Я уже дважды встречал начало нового века и вот надо мной навис еще один. Я никогда не уставал от жизни. Современные люди плохо себе представляют, как все было столетия назад, поскольку прогресс движется семимильными шагами. Когда я родился, люди путешествовали на лошадях и в каретах, а теперь мы добрались до Луны. Мы писали перьями на бумаге, посылали письма, чтобы поддерживать общение. Мы отыскали способ бежать от главной вещи, которую наше бытие гарантирует нам, — жизни на этой планете.
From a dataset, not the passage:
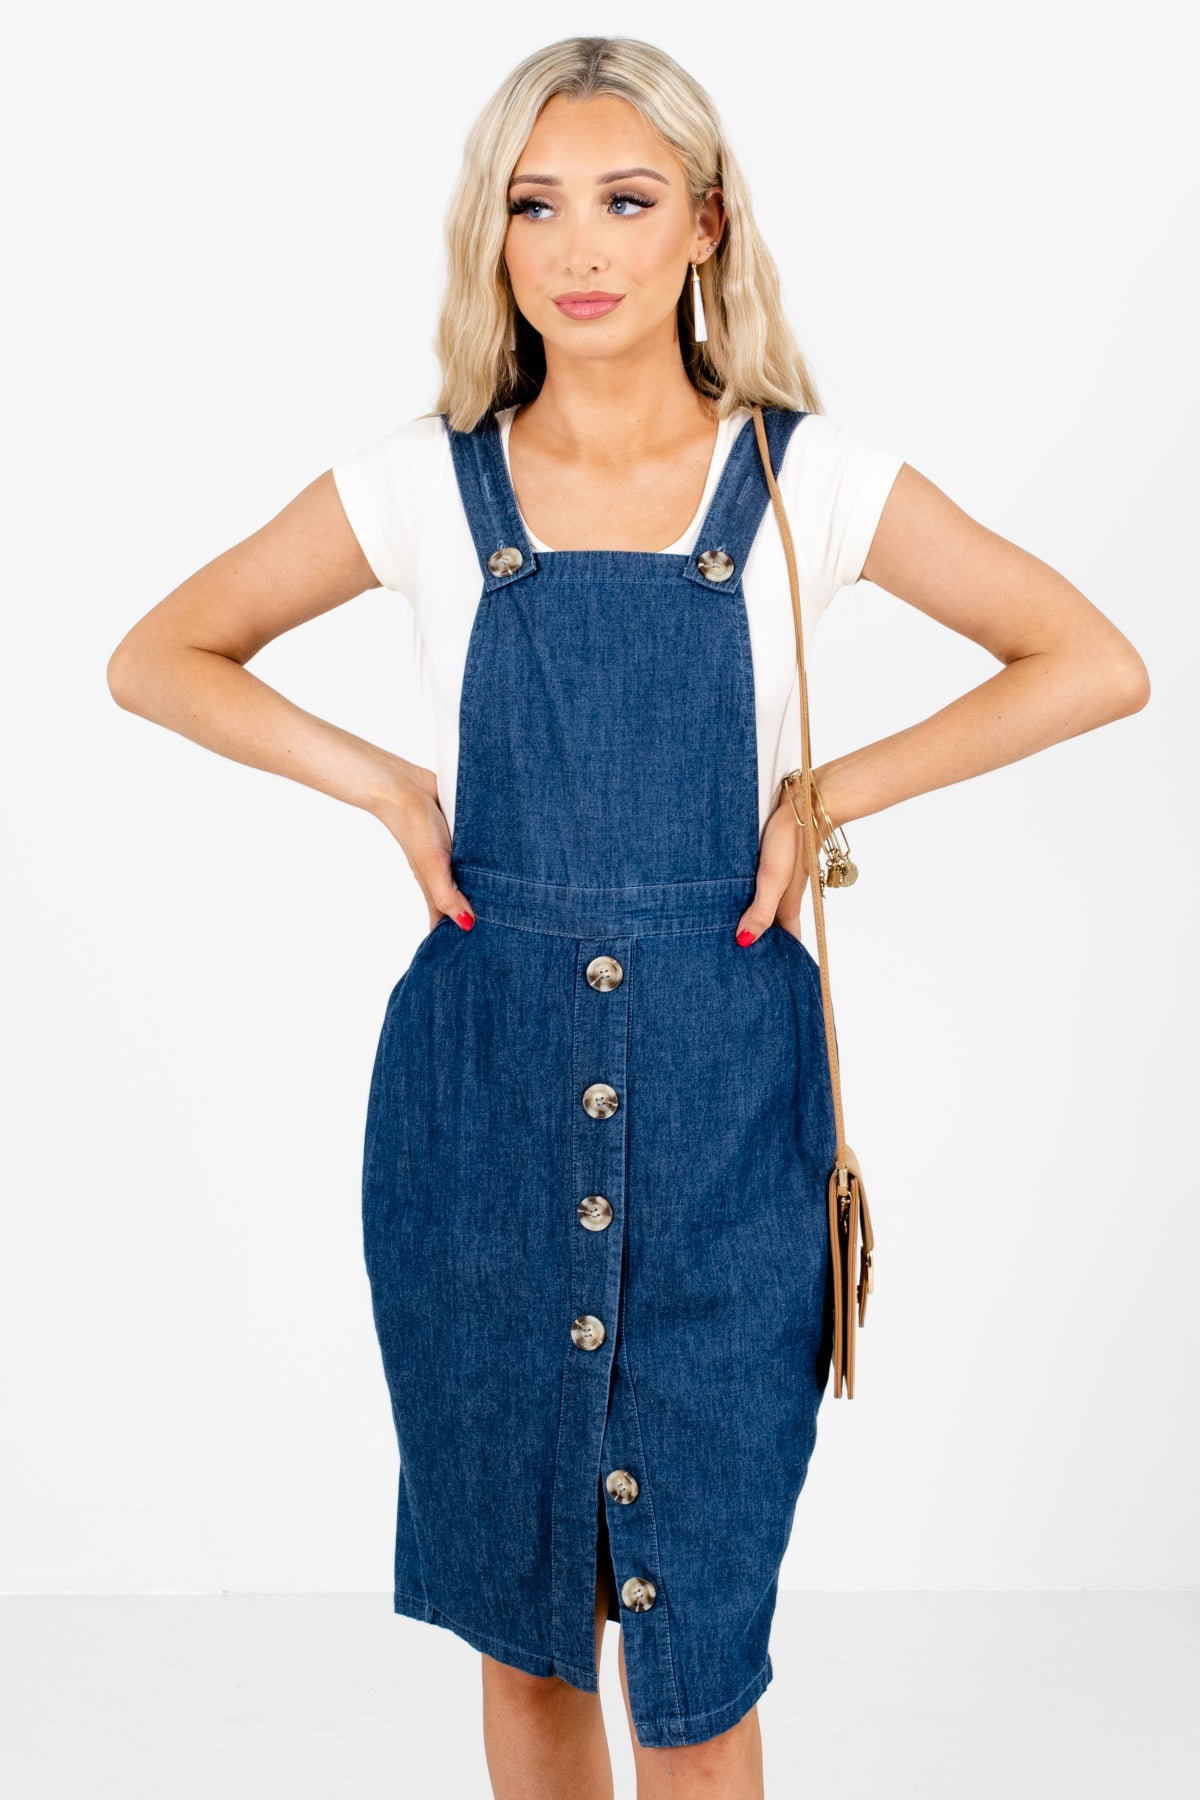 Blue Overall Style Boutique Knee-Length Dresses for Women
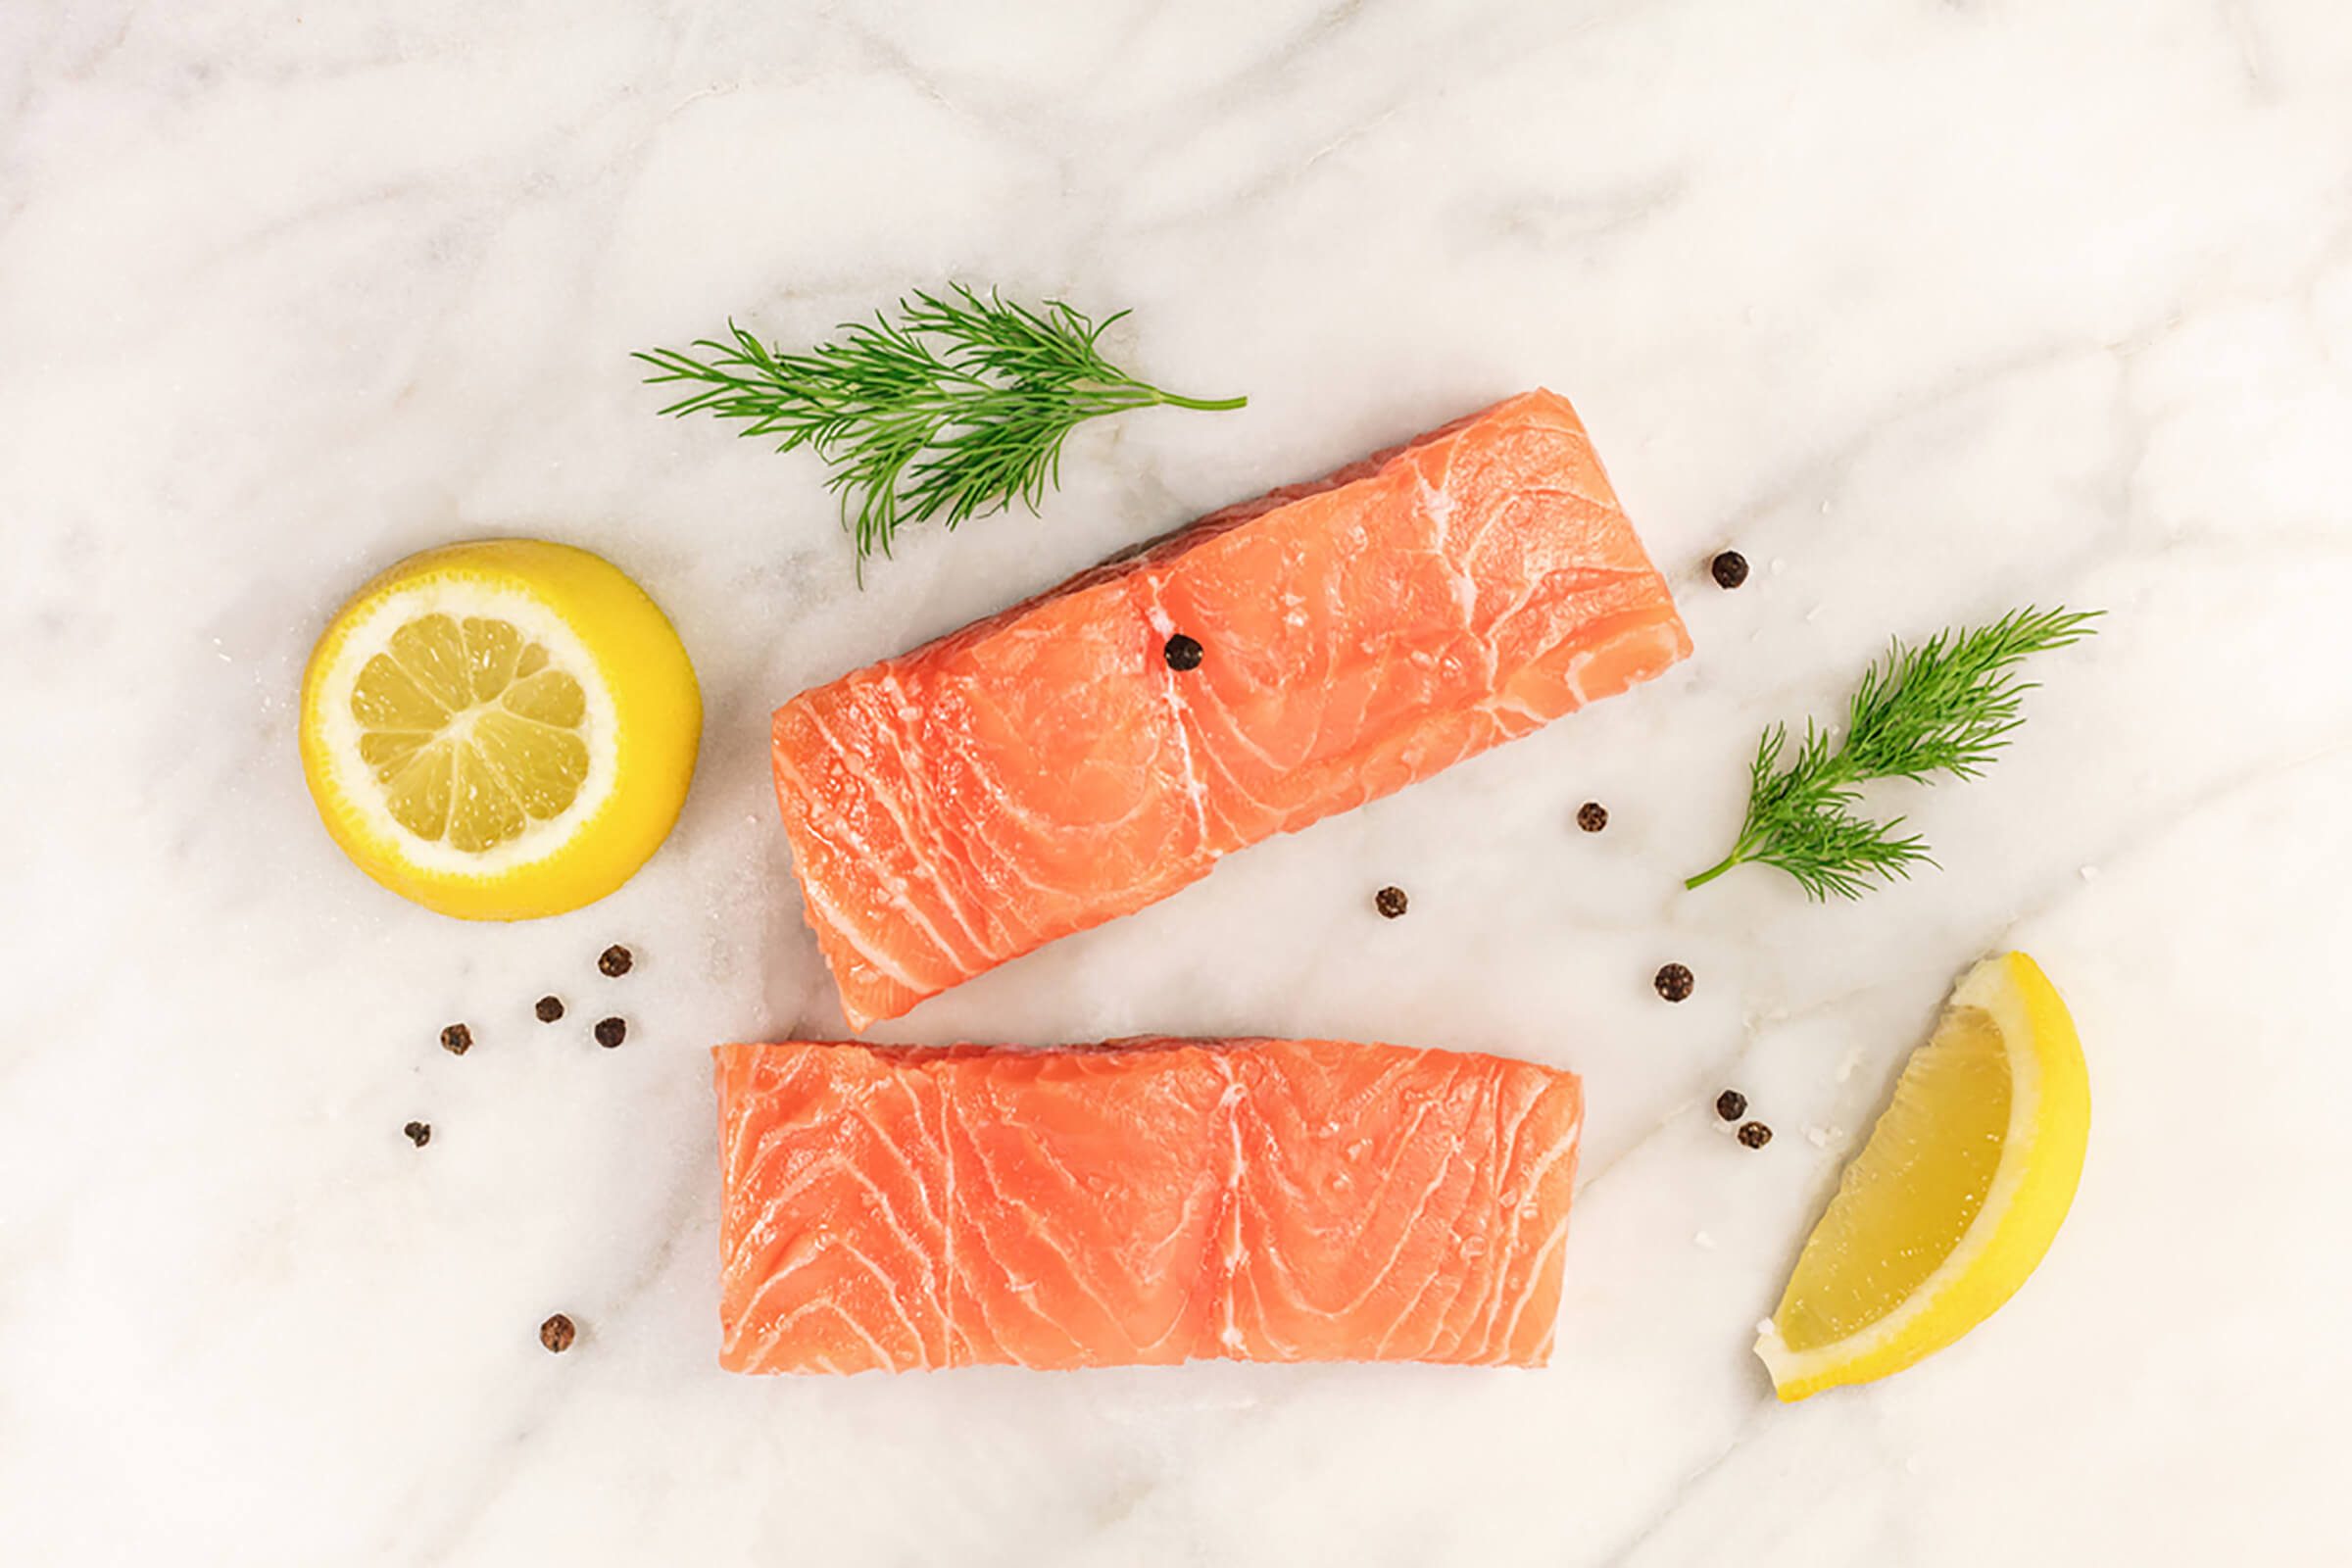 Salmon; countries with lowest heart disease

Так что я отправился на прогулку. Надел пальто и шарф, поскольку пришла зима, взял из подставки в холле трость — свадебный подарок секретарши Бисмарка[115] по случаю моего восьмого бракосочетания (с нею самой, вообще–то), и вышел на улицы Лондона. Я гулял несколько часов, пока не утомился. Мне хотелось побродить по улицам, пройтись по Черинг–Кросс–роуд к Оксфорд–серкус, до Риджентс–парка и Лондонского зоопарка, в котором я не бывал уже много лет. Я свернул к Кентиш–Таун, съел сэндвич и выпил пива в разукрашенном по случаю праздников пабе. За тремя соседними столиками сидели пожилая пара, сосредоточенно поглощавшая пищу, — они молчали, но похоже, что их вполне устраивало общество друг друга, — средних лет муж с женой, раздраженно барабанившие пальцами по столу, — они казались подавленными и уставшими, — и парочка подростков, оба свежеподстриженные и одетые, как мне показалось, в обновки: они смеялись, шутили, обнимались, целовались. Во время поцелуя рука мальчика легонько коснулась груди подружки, она со смехом шлепнула его, он показал ей язык, широко улыбнулся, показал ей нос и оба радостно захихикали; я тоже засмеялся.

Я прогулялся по Камден–Тауну до вокзала Сент–Панкрас, обошел вокруг Рассел–сквер и Блумсбери, где целый маленький парк напротив огромного краснокирпичного отеля накрыли брезентовым тентом, готовясь к вечерним празднествам. В итоге я вышел по Тоттенхэм–Корт–роуд к Уайтхоллу и свернул в Сент–Джеймс–парк, где уже собралась толпа: знак, что пора возвращаться домой. Я постоял перед памятником королеве Виктории, глядя на дворец и вспоминая те три раза, что я бывал там, один ужасный роман и персонажей, которых встречал в этом здании; сейчас они ждали миллениума, нервически сглатывая. Затем я вернулся домой, на Пиккадилли, где закрыл за собой двадцатое столетие — два простых слова, значивших для прогресса, революции и надежды больше, чем любые другие, — и приготовился познакомиться с его преемником.